The related glue_data is even more useful in printing from a dataframe. In this example, it can quickly generate command line arguments or filenames.

# use dataframes for now
parameter_combinations = data.frame(param1 = letters[1:5],
                                    param2 = 1:5)

# for command line arguments or to start multiple job scripts on the cluster
glue_data(parameter_combinations,
          'simulation-name {param1} {param2}')
#> simulation-name a 1
#> simulation-name b 2
#> simulation-name c 3
#> simulation-name d 4
#> simulation-name e 5

# for filenames
glue_data(parameter_combinations,
          'sim_data_param1_{param1}_param2_{param2}.ext')
#> sim_data_param1_a_param2_1.ext
#> sim_data_param1_b_param2_2.ext
#> sim_data_param1_c_param2_3.ext
#> sim_data_param1_d_param2_4.ext
#> sim_data_param1_e_param2_5.ext

Finally, the convenient glue_sql and glue_data_sql are used to safely write SQL queries where variables from data are appropriately quoted. This is not covered here, but it is good to know it exists.

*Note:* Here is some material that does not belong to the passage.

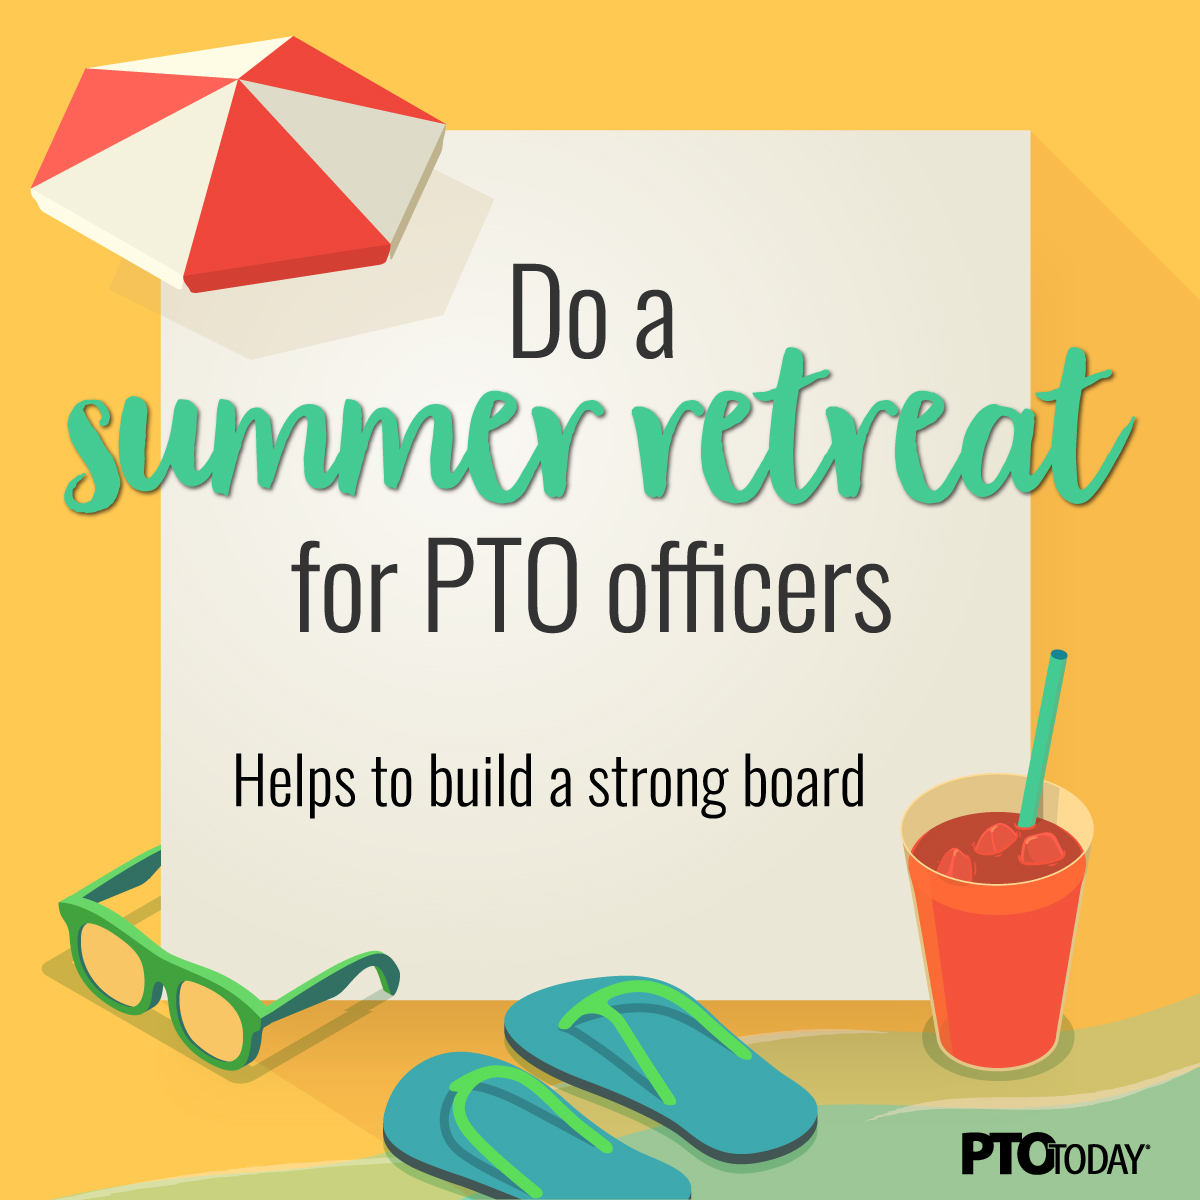 Plan a summer officers retreat

glue has some more functions — glue_safe, glue_collapse, and glue_col, but these are infrequently used. Their functionality can be found on the glue github page.

1.4 Strings in `ggplot`

ggplot has two geoms (wait for the ggplot tutorial to understand more about geoms) that work with text: geom_text and geom_label. These geoms allow text to be pasted on to the main body of a plot.

Often, these may overlap when the data are closely spaced. The package ggrepel offers another geom, geom_text_repel (and the related geom_label_repel) that help arrange text on a plot so it doesn’t overlap with other features. This is not perfect, but it works more often than not.

More examples can be found on the ggrepl website.

Here, the arguments to geom_text_repel are taken both from the mtcars data (position), as well as from the car brands extracted using the stringr::word (labels), which tries to separate strings based on a regular pattern.

The details of ggplot are covered in a later tutorial.

library(ggplot2)
library(ggrepel)

# prepare car labels using word function
car_labels = word(rownames(mtcars))

ggplot(mtcars,
       aes(x = wt, y = mpg,
           label = rownames(mtcars)))+
  geom_point(colour = "red")+
  geom_text_repel(aes(label = car_labels),
                  direction = "x",
                  nudge_x = 0.2,
                  box.padding = 0.5,
                  point.padding = 0.5)

This is not a good looking plot, because it breaks other rules of plot design, such as whether this sort of plot should be made at all. Labels and text need to be applied sparingly, for example drawing attention or adding information to outliers.